● REQUIRED ACTION: Pictures are to be excluded. Please print only the lines from the one containing "Julie, Gary and" through the end of the data, exactly as they appear.

● DATASET SECTION:
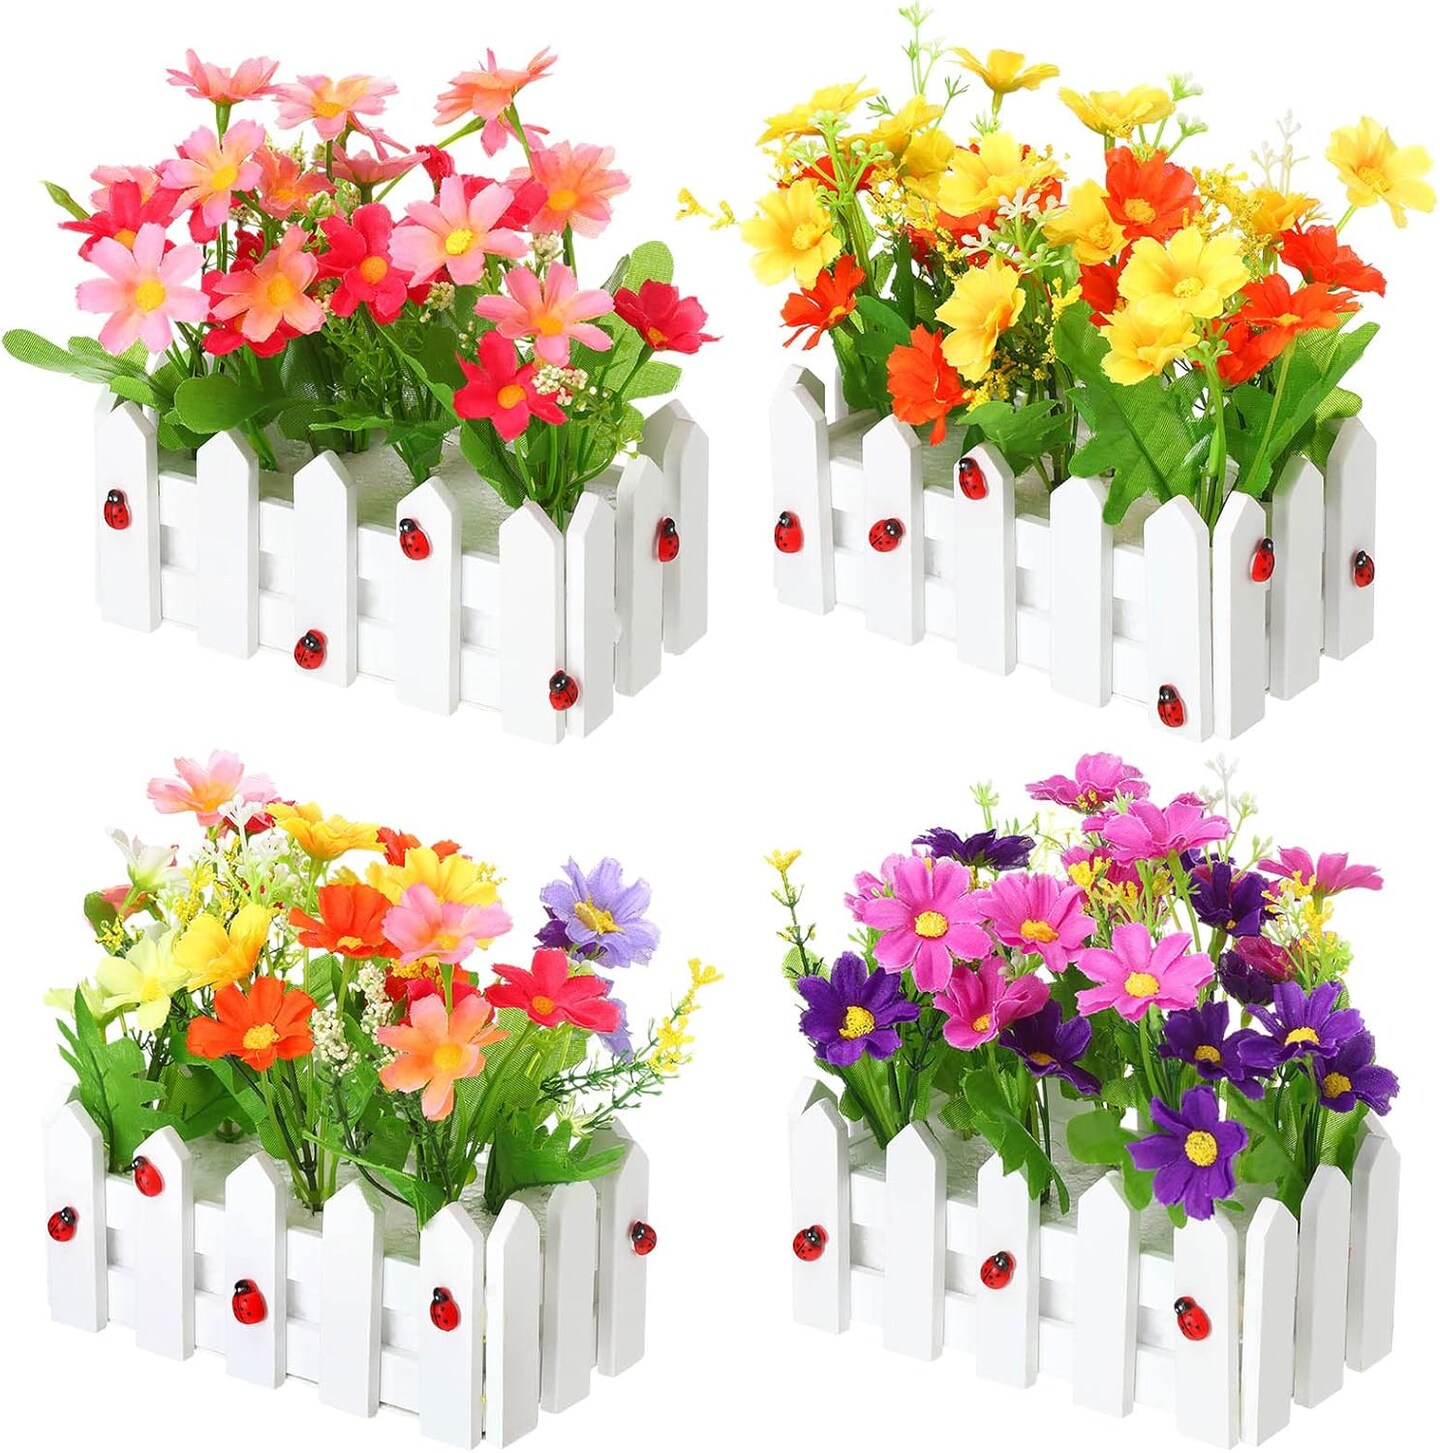 Artificial Flower Plants Potted in Picket Fence Mixed Color Daisies in Picket Fence Pot for Indoor Office Wedding Home Spring Decor (6.3 inches, 24 pieces)
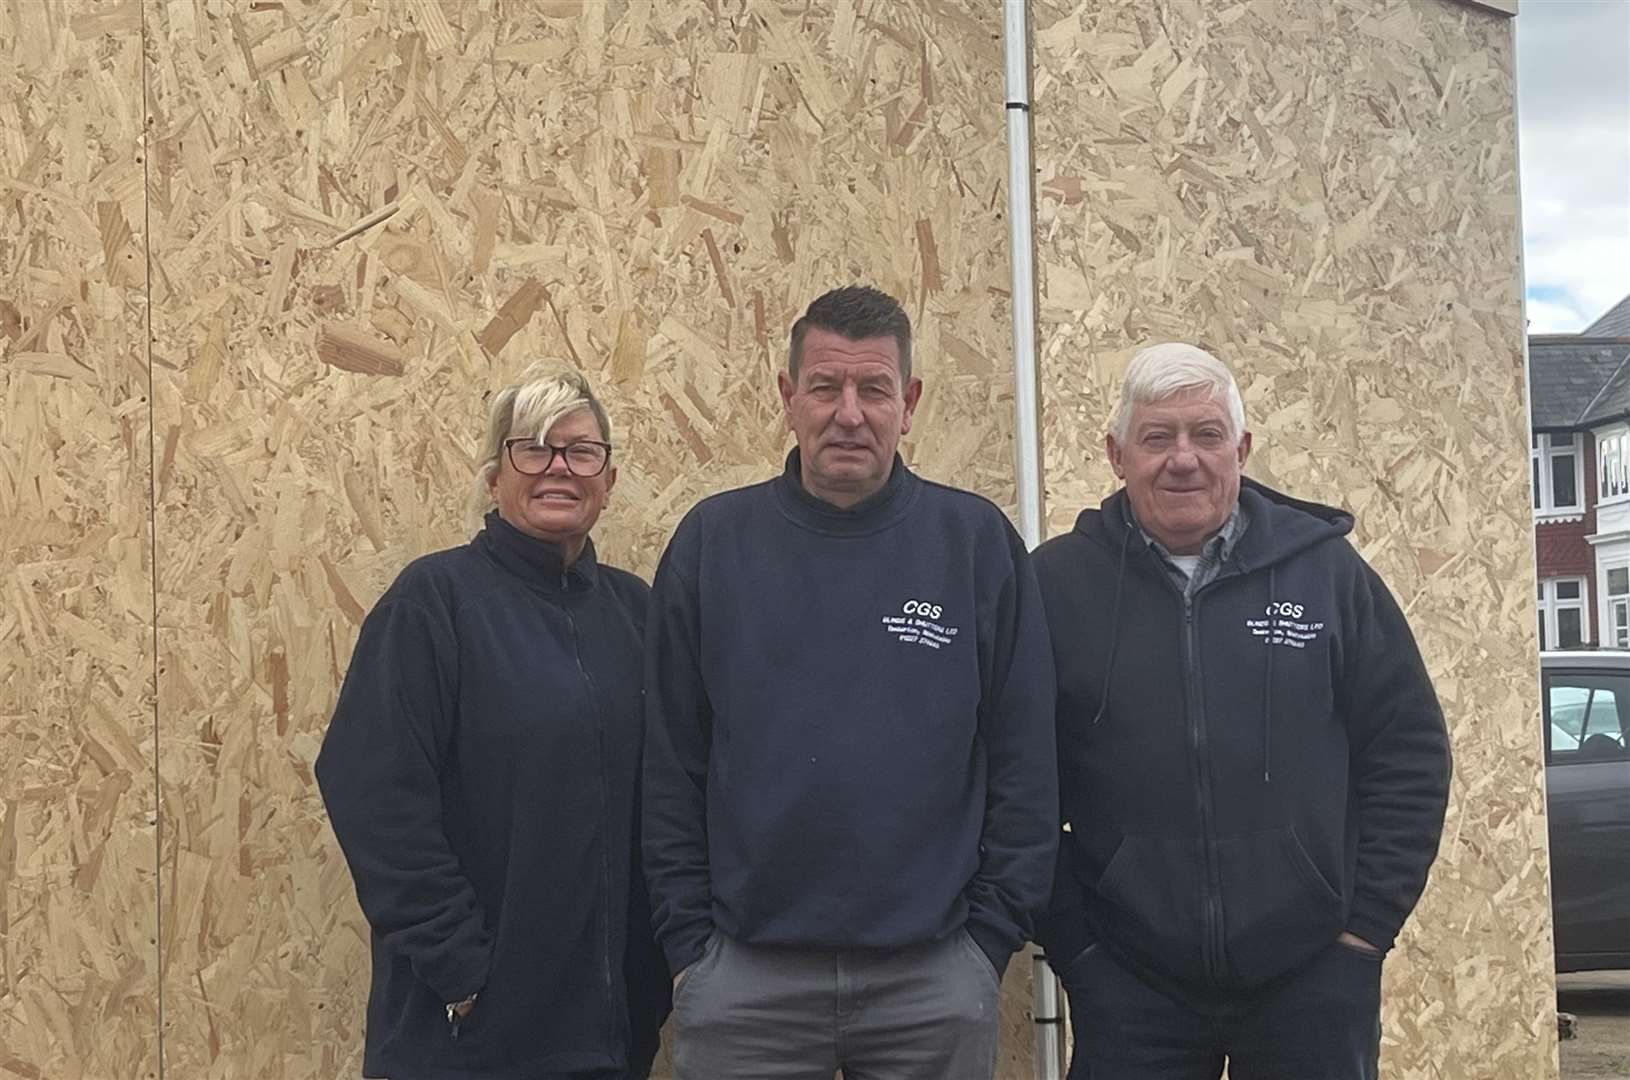 Julie, Gary and Chris Shone were able to reopen CGS Blinds & Shutters in Tankerton on Tuesday morning after the shop front was boarded up
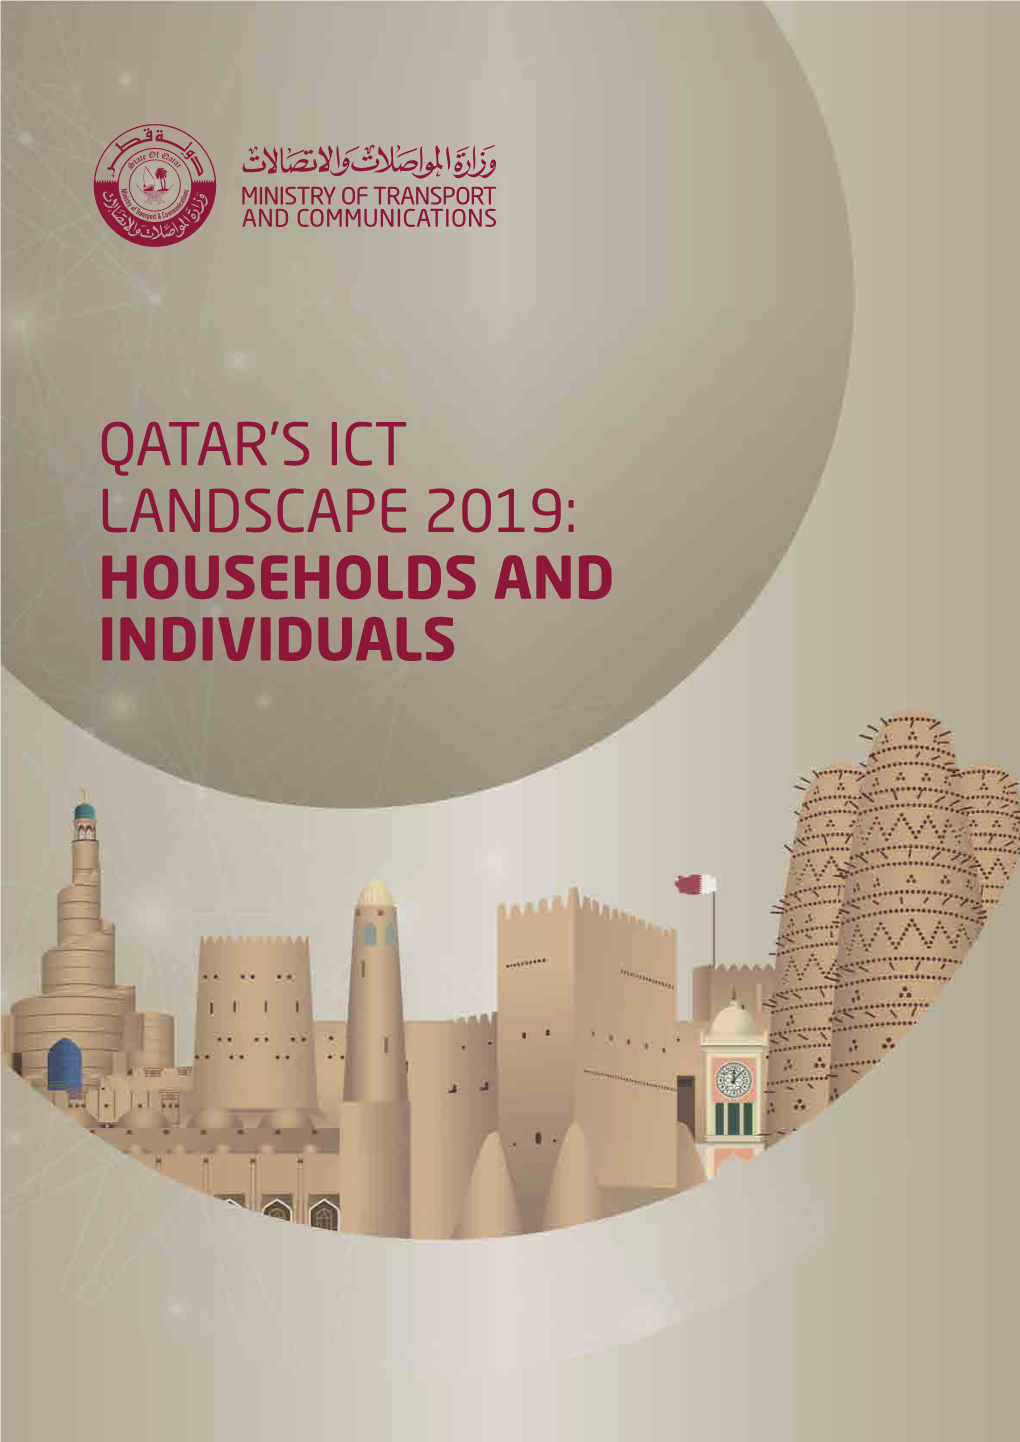 Qatar's Ict Landscape 2019: Households and Individuals
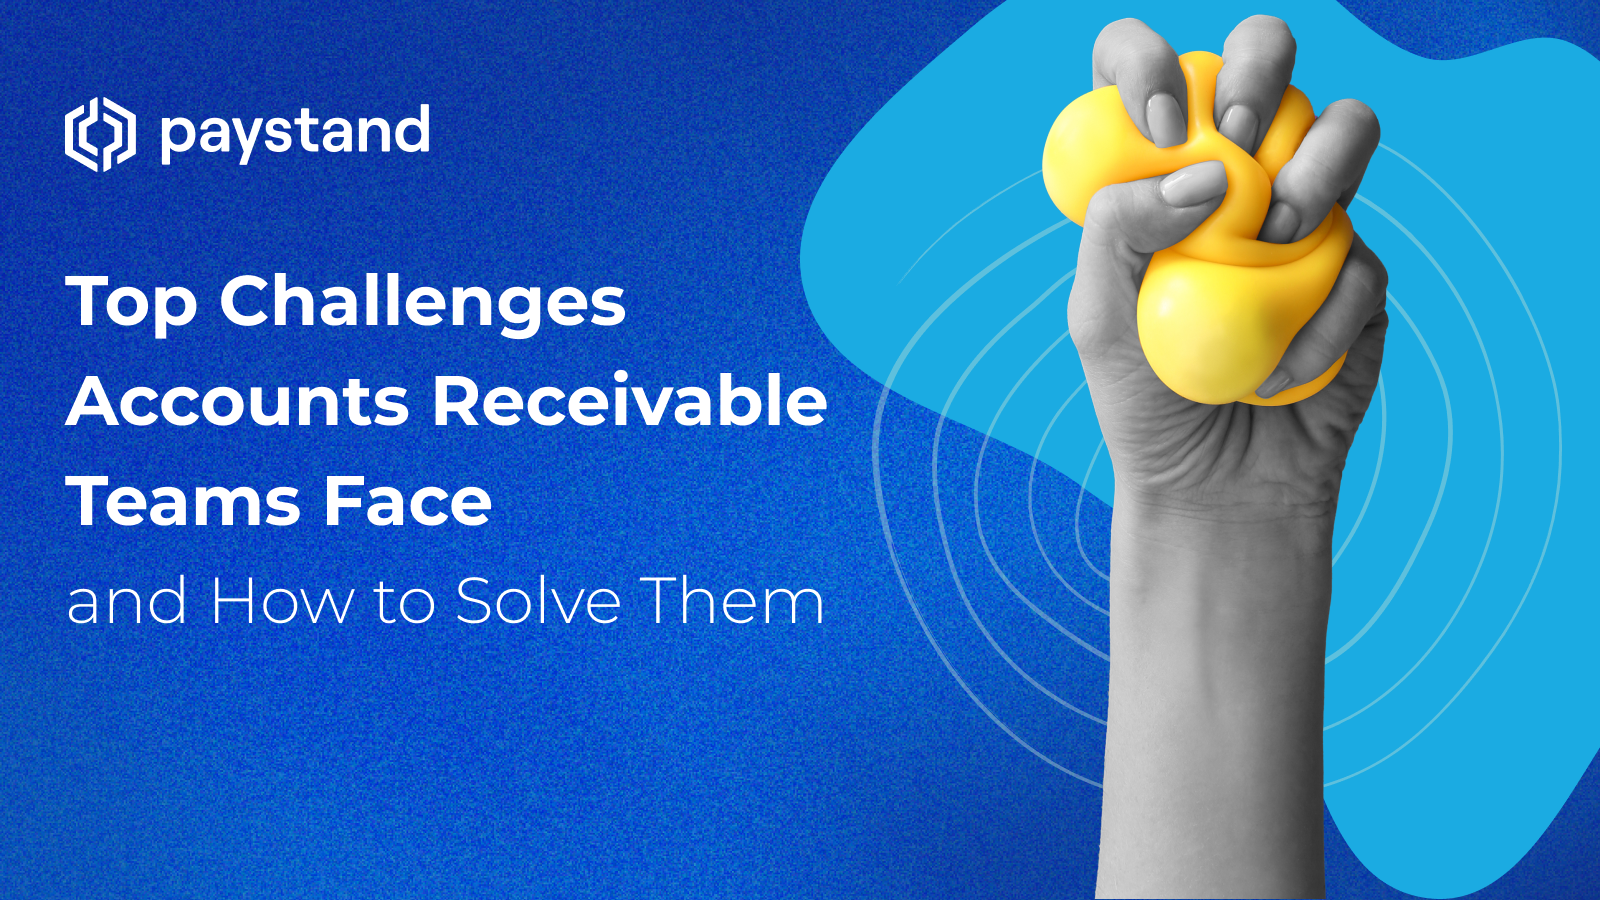 Top Challenges Accounts Receivable Teams Face and How to Solve Them

● RESPONSE AREA:
 Julie, Gary and Chris Shone were able to reopen CGS Blinds & Shutters in Tankerton on Tuesday morning after the shop front was boarded up
 Qatar's Ict Landscape 2019: Households and Individuals
 Top Challenges Accounts Receivable Teams Face and How to Solve Them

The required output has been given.